# New beekeeper



## MELISSAA (Feb 26, 2009)

Hello everyone! Starting my first year beekeeping and cannot wait to start! This forum has great info.

Melissa a


----------



## jesuslives31548 (May 10, 2008)

welcome aboard...


----------



## Sundance (Sep 9, 2004)

Welcome Melissa............ This is the place to bee
all that you can bee.


----------



## Fred Bee (May 5, 2007)

Howdy Melissa,
Welcome and good luck with the bees!


----------



## Sallygal8 (Feb 23, 2009)

Hi Mellissa...I am new too...my bee will come in April...right now I am painting my new hive....have a bee yard planned...I have to defeat bears!!
Wish me luck...Sally


----------



## MELISSAA (Feb 26, 2009)

Salley8,

i just finished painting one of my hives.

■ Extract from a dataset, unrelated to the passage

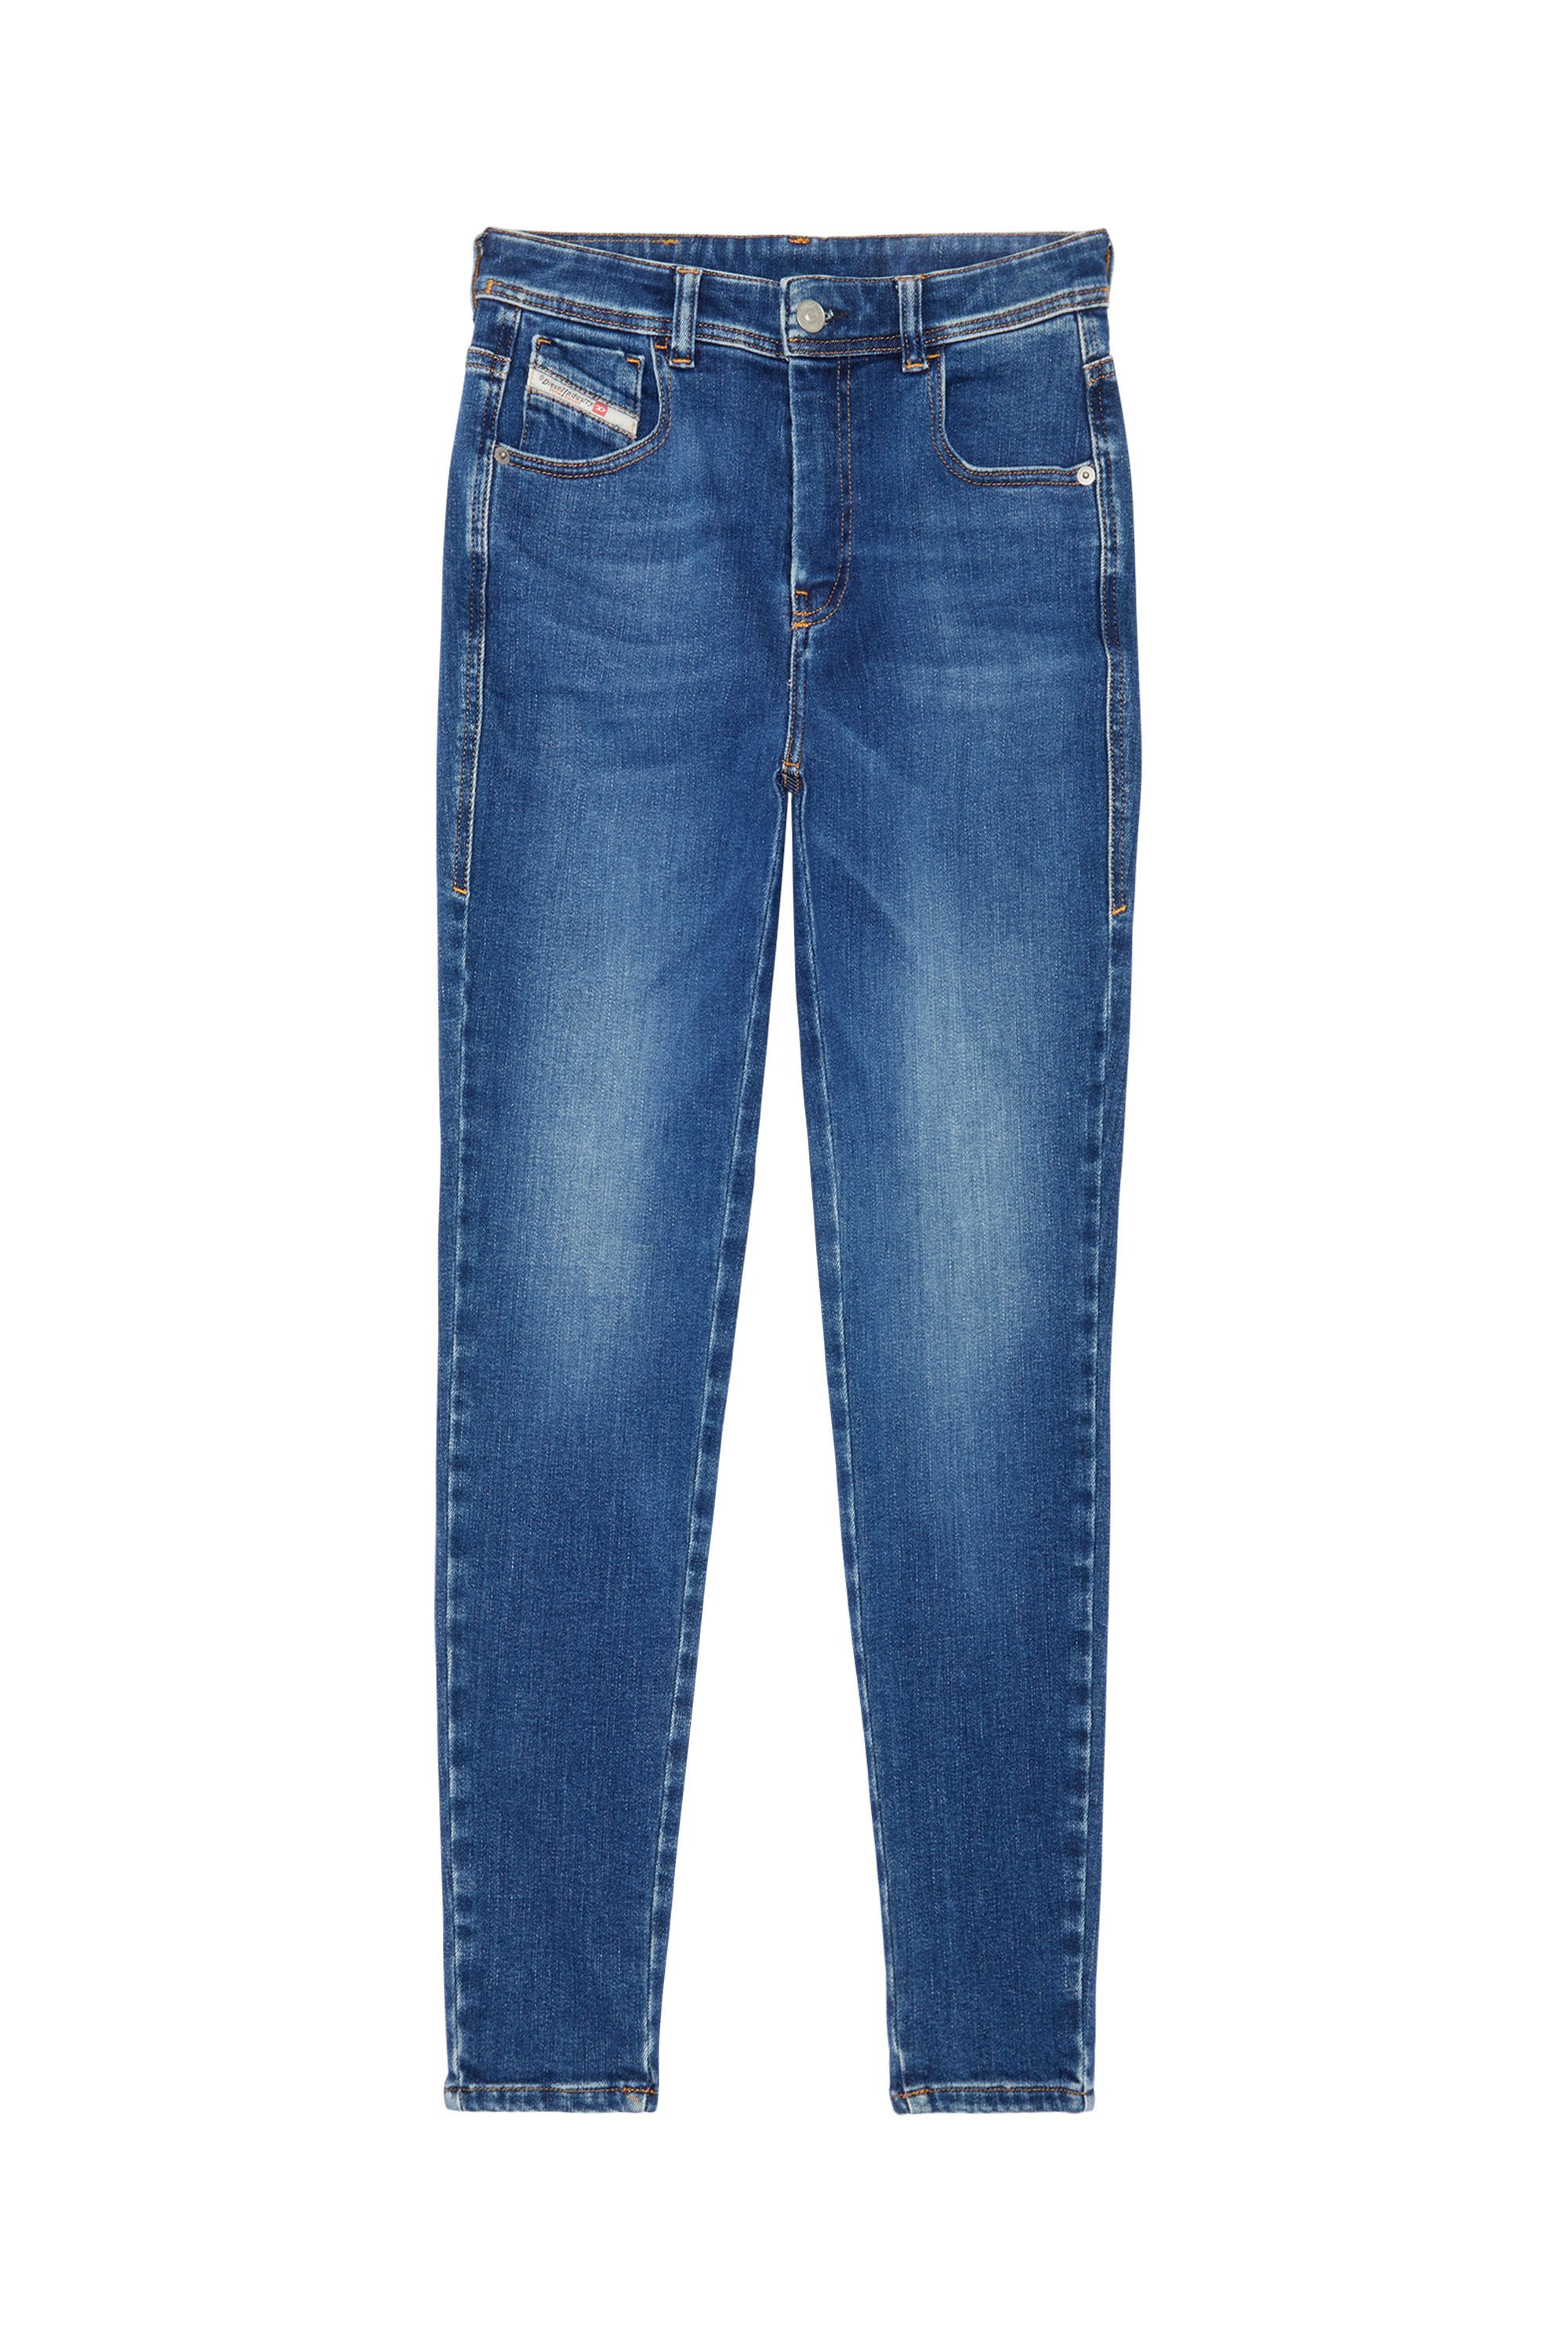 1984 Slandy high 09C21 Super skinny Jeans, Mittelblau - Jeans

I know waht you mean about the bears....i'm doing so research on the best type of fence without spending a fortune.


----------



## franktrujillo (Jan 22, 2009)

hello melissaa wht color are u painting your hives


----------



## Beeslave (Feb 6, 2009)

Welcome aboard. Contact your local wildlife conservation office about the bear fence. Some states give(rent/borrow) the needed equipment for the bear fence. If you can not get the equipment from them then go with the solar fencer, three strands(rows) of 1" tape fence spaced 12" apart starting 12" from ground. Connect the middle strand to your ground and the other 2 are hot. Don't skimp on your ground rod since that is the most important part next to the fencer. Bait the hot wire so the bear if near will go to the scent and receive a lesson before charging through to the hives.

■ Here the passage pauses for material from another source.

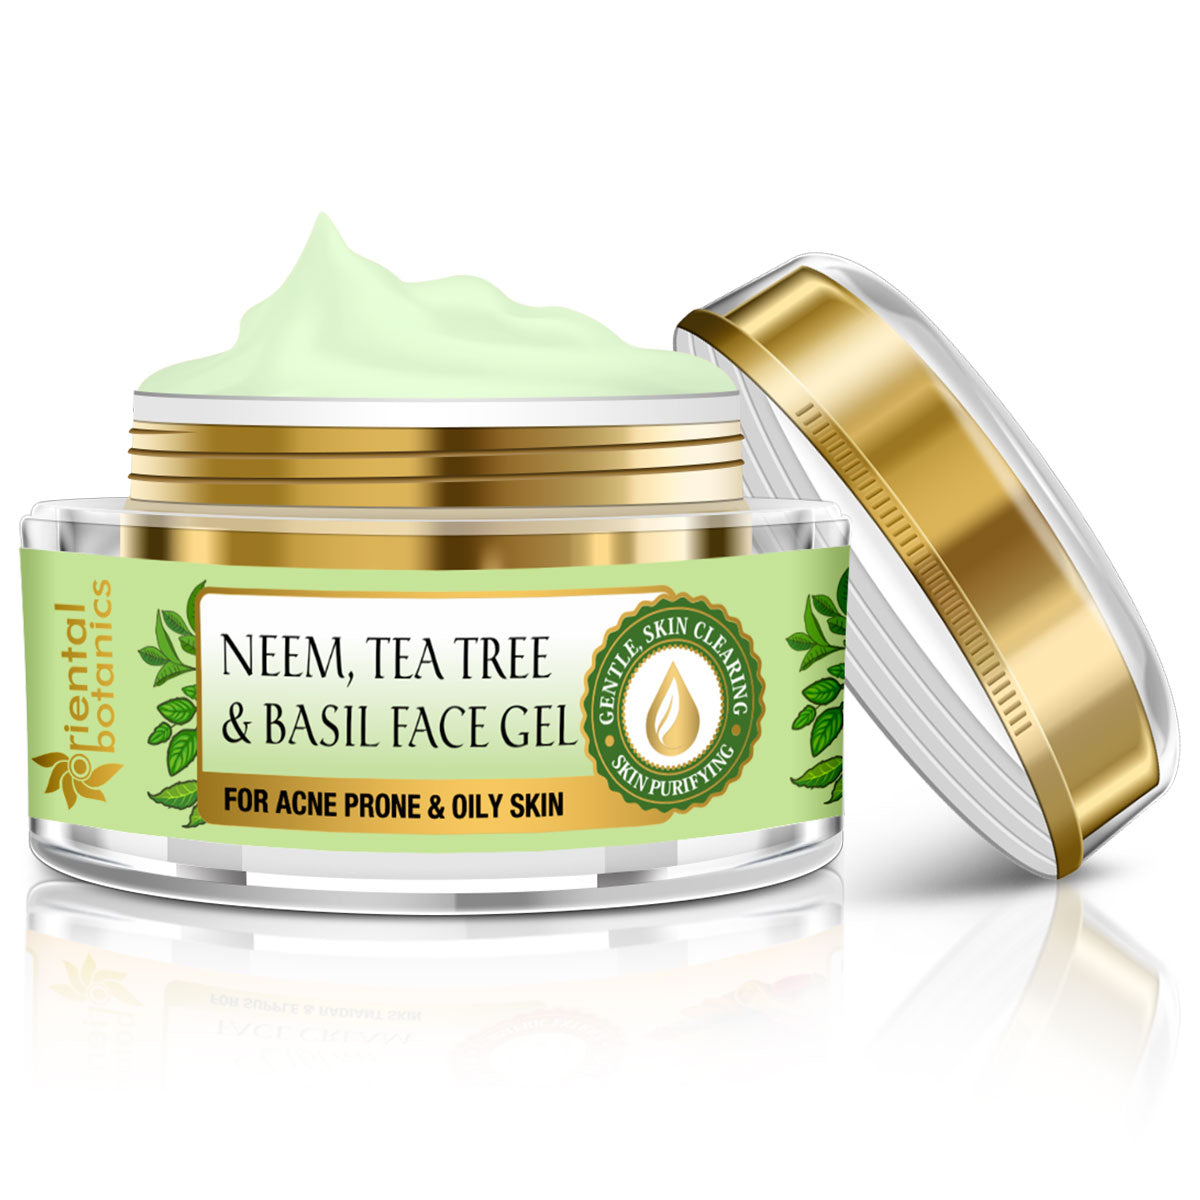 Oriental Botanics Neem, Tea Tree And Basil Anti Acne Night Face Night Gel Cream - For Oily Skin, 50g

Don't be overwhelmed by the books. Use them as a tool and let the bees tell you what to do. Good luck!


----------



## Ravenseye (Apr 2, 2006)

Hi Melissa. Great to have you on board!


----------



## MELISSAA (Feb 26, 2009)

I'm painting my hives jade, pretty much they're green but a nice green. Lol


----------



## MELISSAA (Feb 26, 2009)

Thanks for the info, however i need some info on the type of solar fencer to use...harbor freight has one but i don't know if it will work. I know the quality may be an issue...i just need it to last until i can afford a better one. The new equipment set me back a couple hundred and i don't even have the girls yet. P.s i have a package and a nuc ordered


----------



## MELISSAA (Feb 26, 2009)

Thank you to everyone that has welcomed me to the sight! I am so excited to start i can hardly stand it. I never thought that i would be so interested. I watched a great video...tales from the hive...this video really gave me a good perspective on how the bees live. It also has great footage.


----------



## dni (Oct 4, 2008)

*painting hives vs. stain*



MELISSAA said:


> I'm painting my hives jade, pretty much they're green but a nice green. Lol


I really like the natural color of the wood - is it OK to coat them with some kind of deck sealant like Thompsons Waterseal? Is there another clear alternative?

If not, when painting a hive, does one need to prime the hives in the same way that you would paint your house?

Do I need to think about the heat absorbing properties of paint colors, even if I plan in wrapping them in the winter?


----------



## USCBeeMan (Feb 7, 2009)

If your are going to paint, then put on a couple coats of primer. I got some old hive and scraped them down last year and painted them with around 5 or 6 coats of oil base. It was almost a waste of time. I didn't prime and the paint is peeling off.


----------